I’ve been talking about the old boys at the coffee clubs for a long time, and usually as members of the Committee of Negativity. You know them – they meet for coffee and complain. It seems their town can’t do anything right, and they are the guys to point it out.
I visited Akron, Iowa and spent 3 days there as part of an Embedded Community Experience. I got to sit down with several coffee groups and hear what they had to complain about. One of those groups was the Old Geezer Club.
They had a few complaints, nothing unusual in a small town. However, the complaint that stuck out the most was different. They wanted to know why the town wasn’t taking advantage of their workspace.
They have the Old Geezer’s Workspace – a makerspace. A place where anyone can come and do some wood working, scrapbooking, welding or whatever.

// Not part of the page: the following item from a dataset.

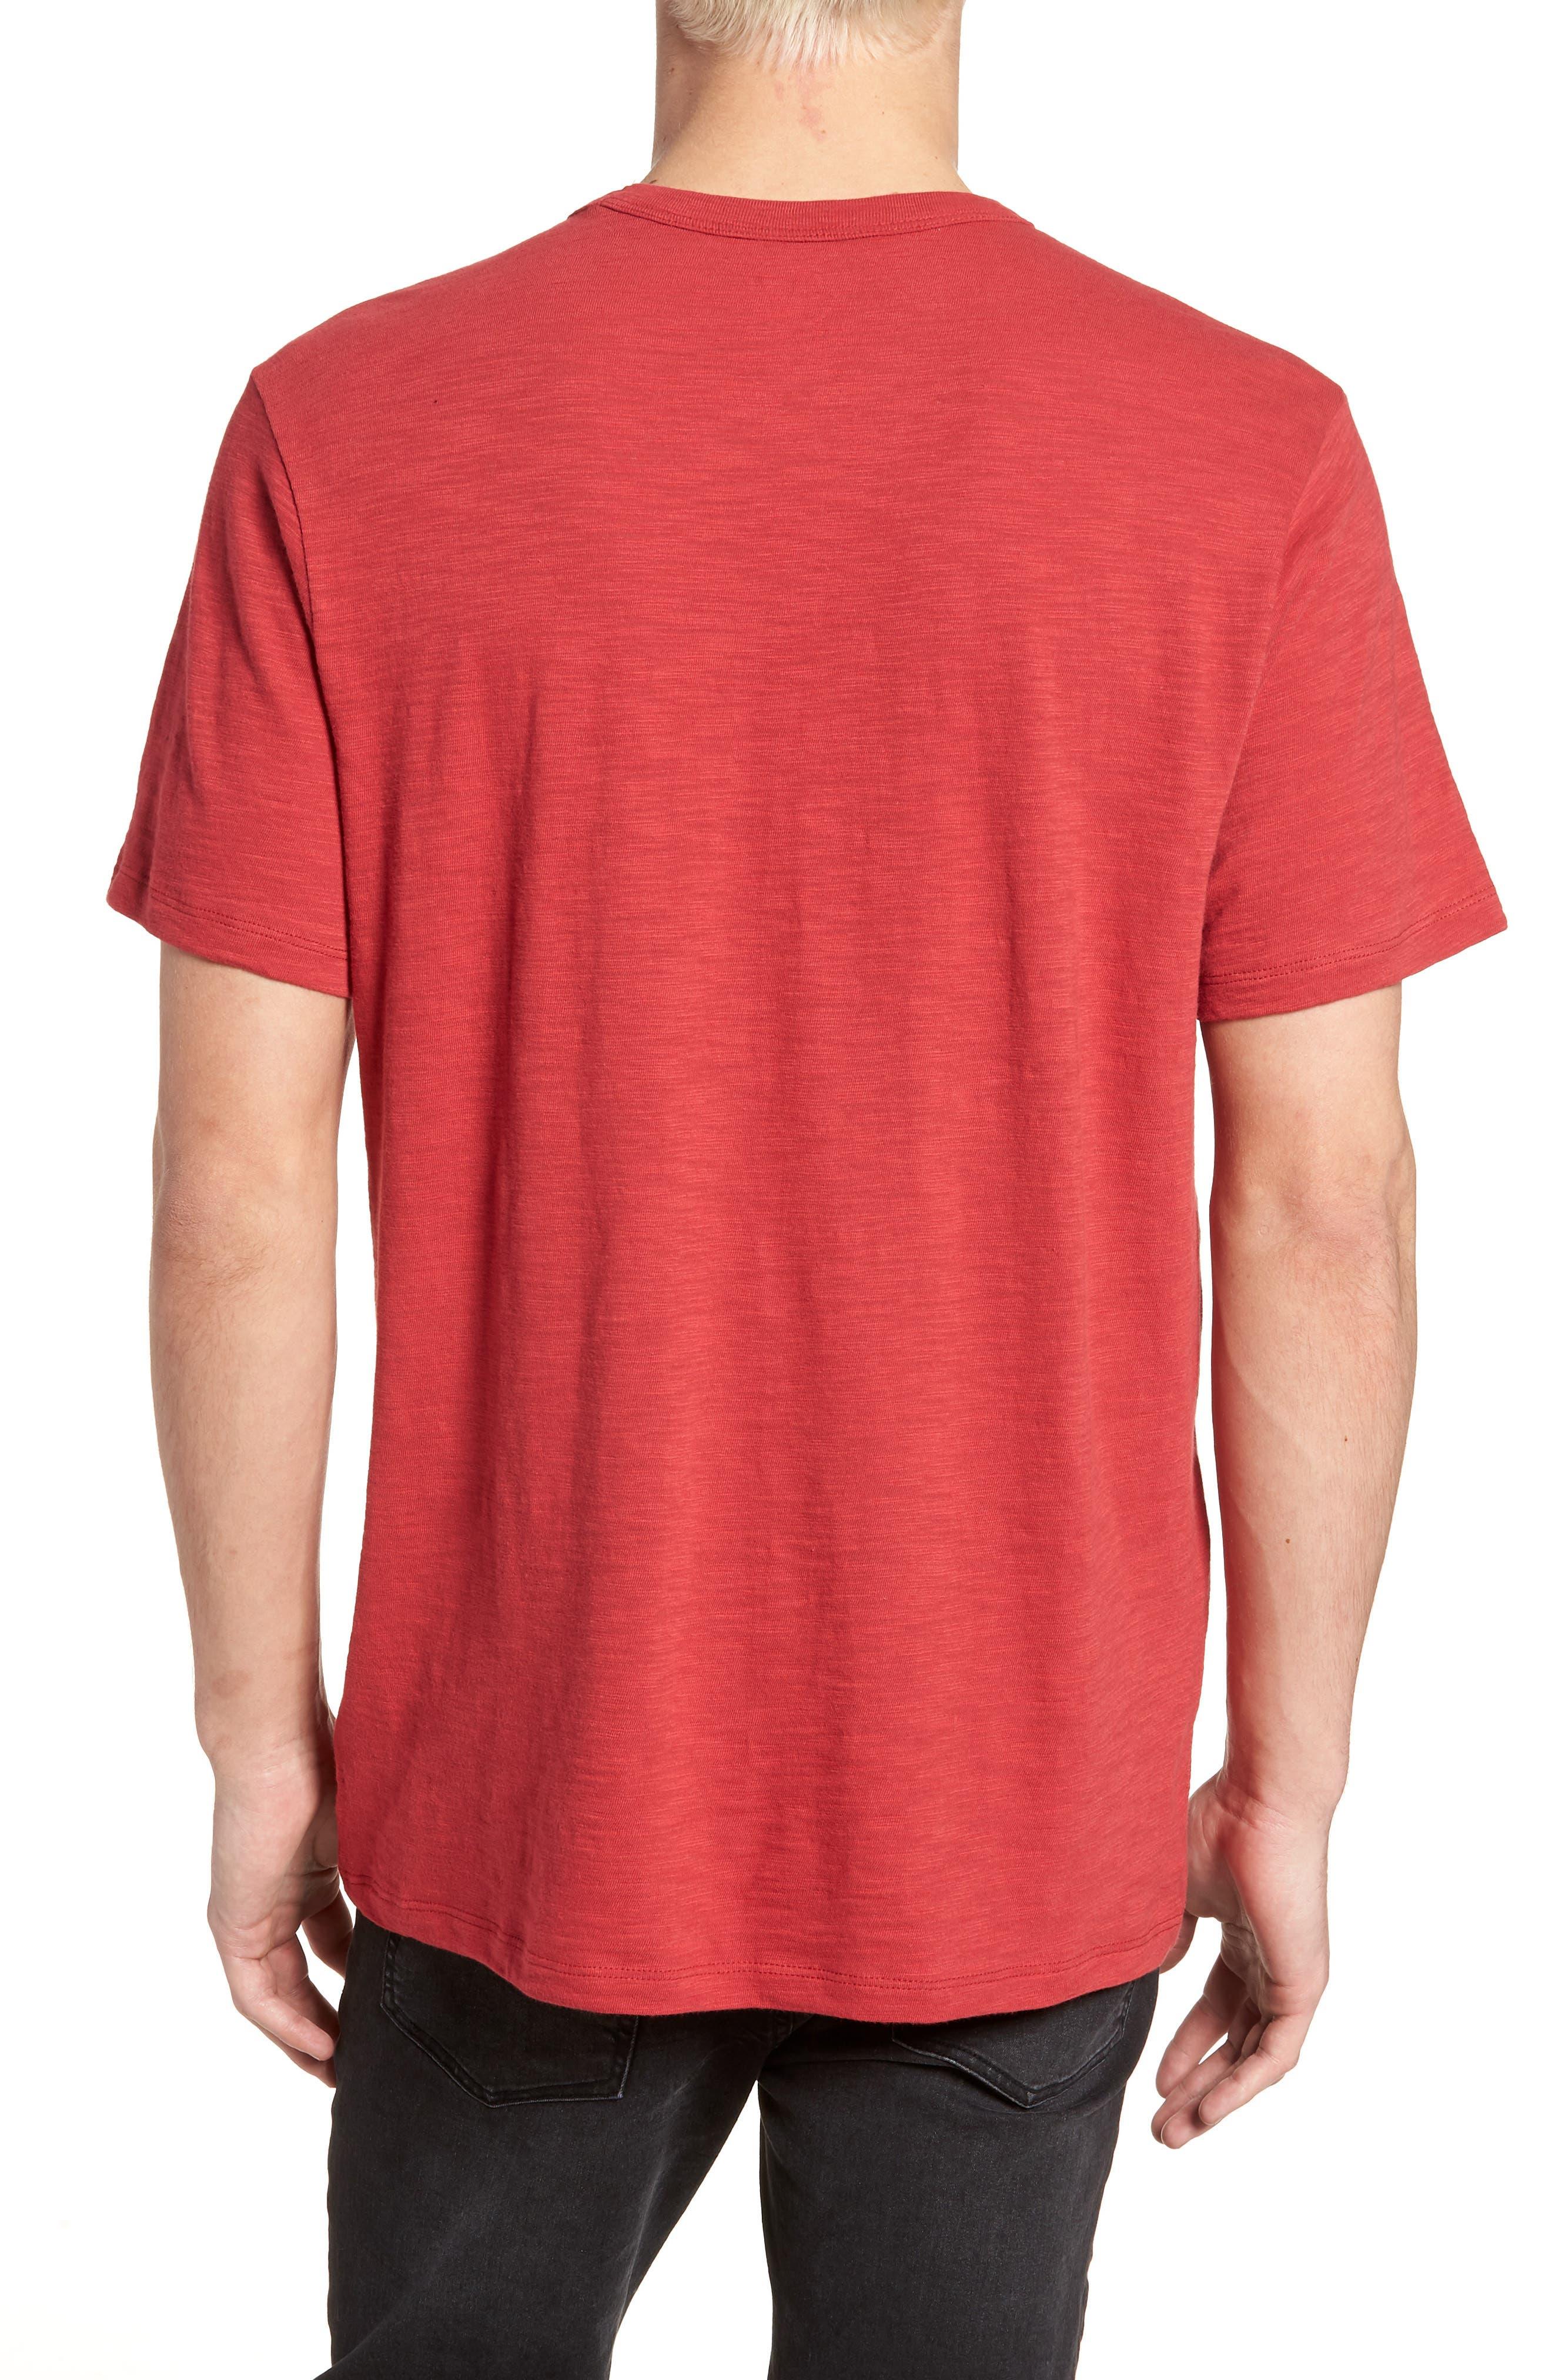 Grit Scrum St. Louis Cardinals T-Shirt,                             Alternate thumbnail 2, color,                             Rescue Red

HOLY TOLEDO! These guys have donated tools for anyone to use. And if you need help, or just company, they will come and help. The space is basement of the old hospital, and is dry, with several rooms you can use anyway you like. They simply ask that you be careful and ‘don’t do anything stupid’. You can go by the Coffee Club (it’s upstairs) any morning between 5:30 and 8:30 to get into the space, or make arrangements to get in. There is no charge to use it.
Now this is what I call brilliant! Lots of old guys: some farmers, some businessmen, all local. They have donated their tools, time and help. They found their own place and work with the city to make it happen. They pay the rent (if you drink coffee with them it cost you 50 cents and that goes towards rent and other things). They’d love to see students come in and work, and ask for help.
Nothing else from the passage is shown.